En política –así como en varios aspectos de la vida en sociedad– se suele cometer el error de romantizar tiempos pasados. Un llamado natural a la nostalgia, en complicidad con la mala memoria colectiva, transmite la idea, usualmente equivocada, de que antes los poderes del Estado funcionaban mejor. Pero la reflexión no siempre es incorrecta, o no del todo. Un ejemplo de esto son los tiempos que se toman los poderes del Estado para reaccionar a las acusaciones en contra de quienes ocupan u ocuparon posiciones públicas prominentes.

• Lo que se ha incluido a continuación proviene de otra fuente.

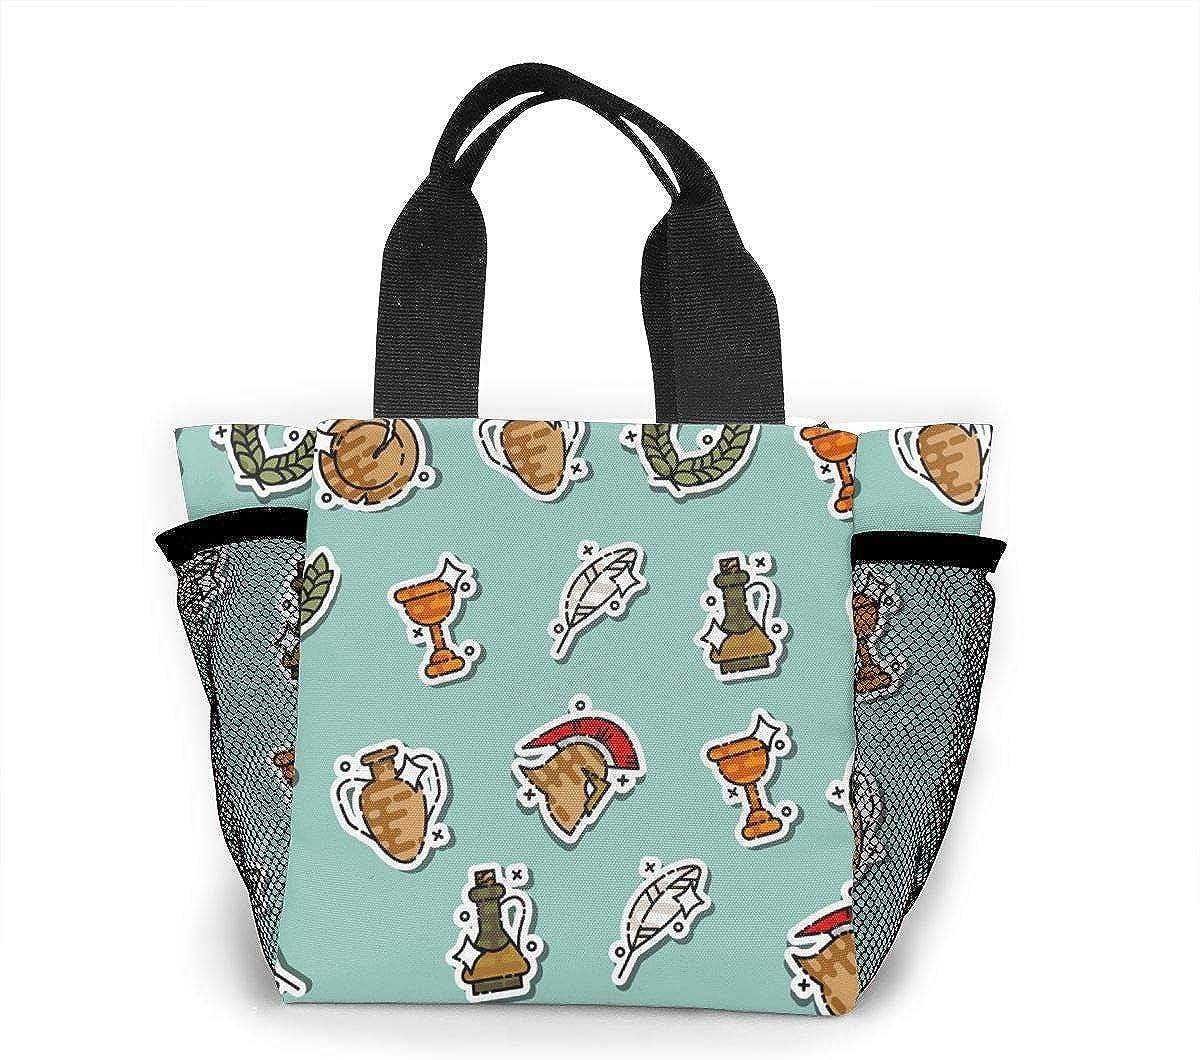 Bolso de compras reutilizable de color de la antigua Roma bolsa de supermercado de poliéster Ripstop o bolsa de almuerzo

Ayer, la Sala Penal Especial de la Corte Suprema condenó a 22 años de prisión al excongresista Michael Urtecho por los delitos de enriquecimiento ilícito y concusión. El proceso tardó casi diez años entre el Ministerio Público y las cortes desde que el exparlamentario fuera suspendido de su curul en octubre del 2013. Al margen de su culpabilidad, una década de proceso penal es un exceso del sistema de justicia, y que a la fecha se repite –a veces con períodos mucho más extensos– en incontables casos.
Y si aquí la mejora ha sido nula, los tiempos parlamentarios solo han empeorado. Como se recuerda, siete trabajadores del despacho de Urtecho denunciaron al excongresista de Solidaridad Nacional por recortar sus salarios. Según testimonios, algunos empleados recibían apenas pequeñas fracciones de su remuneración base. Urtecho fue acusado también de presentar boletas de empresas fantasmas y de apropiarse de una donación de 621 sillas de ruedas para discapacitados de bajos recursos mientras presidía la Comisión Especial de Discapacidad en el Congreso.
Ante la evidencia, el Parlamento de entonces actuó rápido. Transcurrió, de hecho, un mes desde la aparición de las primeras denuncias hasta la suspensión por 120 días, con un trabajo eficiente de la Comisión de Ética y del pleno. Pasados tres meses, el excongresista ya había sido desaforado e inhabilitado para la función pública por diez años.
Ahora, los indicios que apuntan a que al menos nueve parlamentarios habrían imitado las prácticas de Urtecho son amplios. Sin embargo, tras cinco meses de idas y vueltas desde las primeras acusaciones, se ha avanzado muy poco en las investigaciones y procesos sancionadores. De acuerdo con especialistas consultados por este Diario, la sentencia en contra de Urtecho debería dar a la representación nacional mayores argumentos legales y legitimidad para imprimir velocidad en los procesos pendientes, pero para eso se requiere voluntad política.
Ya es obvio que este tipo de prácticas –el recorte de sueldos o los aportes “voluntarios” de los trabajadores del despacho, que no es más que un eufemismo para referirse a lo primero– han sido normalizadas en el Congreso. El fin de semana pasado, para no ir muy lejos, el propio presidente del Congreso, Alejandro Soto, fue acusado de recolectar dinero de sus trabajadores para pagar publicidad a su favor en redes sociales (por lo que el Ministerio Público ya le ha abierto una investigación). Estos abusos y apropiaciones ilícitas no pueden quedar impunes. La sentencia contra Urtecho así lo confirma, aun si los actuales congresistas arrastran los pies al momento de procesar a uno –o varios– de los suyos.
“Quiero pedir disculpas. Como cristiano he permitido durante varios días que se mancille el nombre de Dios, por miedo, por cobardía y he caído en mentira y en hipocresía. Ya no puedo aguantar esto, no quiero tener esto como carga. Me siento mal, muy mal”, dijo en su momento Urtecho. La confesión no lo redime de la sanción, pero sí ayuda a las instituciones a corregir el daño. Y ese, de plano, es un paso que tampoco hemos visto hasta ahora en los actuales parlamentarios. Después de todo, el Caso Urtecho debe ser una muestra para los congresistas de que apropiarse del sueldo de un trabajador nunca debería quedar impune. Nunca.